Healthy You - Every Day

Lisa Saab, RN, Realized Her Potential in Home Care Nursing

Former labor and delivery nurse Lisa Saab, RN, puts her skills to work today as a maternal-child health home care nurse

Twelve years ago, Lisa Saab attended DeSales University, where she graduated with her nursing degree. At the time she already had a psychology degree but credits her aunt with igniting her desire to become a nurse.

“My aunt was a labor and delivery nurse, and as a kid every time I saw her at family gatherings, she was always telling us stories about babies,” says Saab. 

After college, Saab began her nursing career in labor and delivery and in the emergency room. Soon after, the Quakertown resident transitioned to a full-time labor and delivery nurse position.

Life transitions

Six years later, Saab joined Lehigh Valley Home Care–Allentown as a maternal-child health home care nurse for a more flexible work schedule. A friend and fellow nurse told her about Lehigh Valley Home Care, and she thought, why not?

“It’s very accommodating. I can work eight-hour or 12-hour shifts,” she says. “Our pediatric maternal home care program is small, but we have a great team. I schedule my patients and do my pre-visit and post-visit work from home. It allows me to spend some of my shift at home.”

On the days when she is not caring for mothers and their babies, she is caring for her three teenage children and enjoying the company of her two adult children. Other daily activities include tending to her dog, rabbit and two cats, and on occasion finding time to run a marathon.

Office work: not for me

After a short hiatus as a clerical coordinator at Lehigh Valley Health Network, Saab realized that being in an office all day was not for her, so she decided to return to home care for good.

“I just love it. I left once and I don’t intend to leave again,” she says. “Within home care there are plenty of opportunities to branch out.”

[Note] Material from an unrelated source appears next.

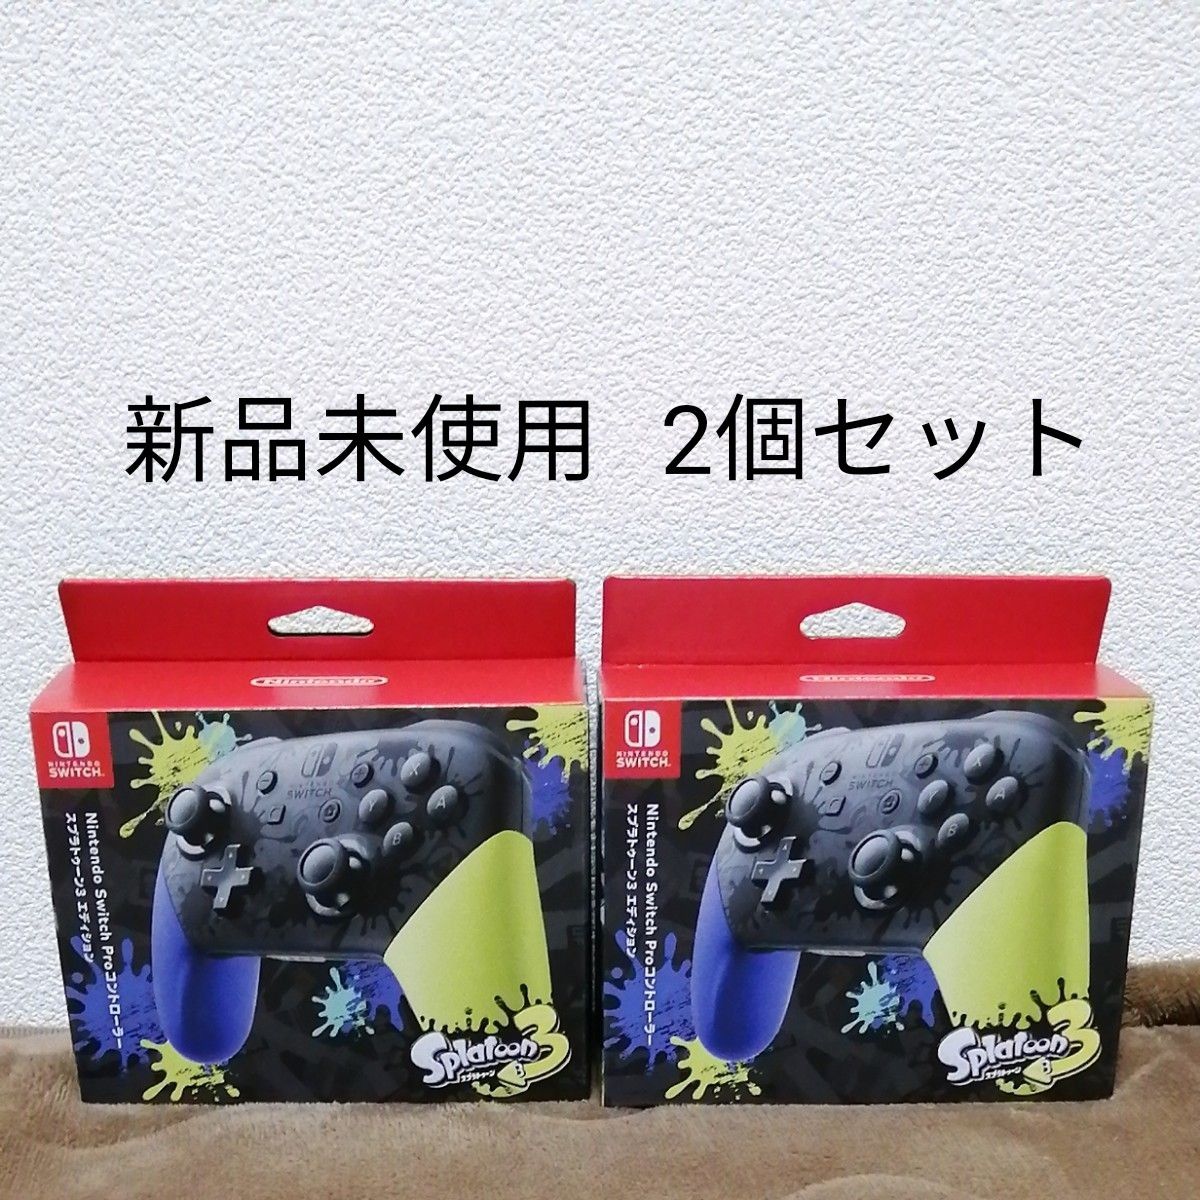 新品未開封】Nintendo Switch スプラトゥーン3 エディション lppi

For some people, home care can be demanding. A home care nurse needs to be able to make decisions on the spot. But Saab loves to learn and is confident in her nursing judgment. Most of the time she visits higher-risk families in the Lehigh Valley, assessing and educating new moms after childbirth, as well as newborns and sick children. She also sees pregnant women experiencing health problems at home. 

“It’s very independent nursing, you work closely with physicians and you always have other nurses and supervisors who you can call,” she says. “If you want flexibility, independence and are comfortable with your skills, it’s a great place to be.”

Thriving in her career

What’s more important than spending time with people and relating to the world? Working closely with families has helped Saab expand her view of nursing care.

“Caring for patients in their homes gives you a different perspective; you get to see what you don’t understand in the hospital,” she says. “You see where they live and what their neighborhood is like so you can incorporate all that into your nursing. I do think it helps make me a more empathetic nurse.”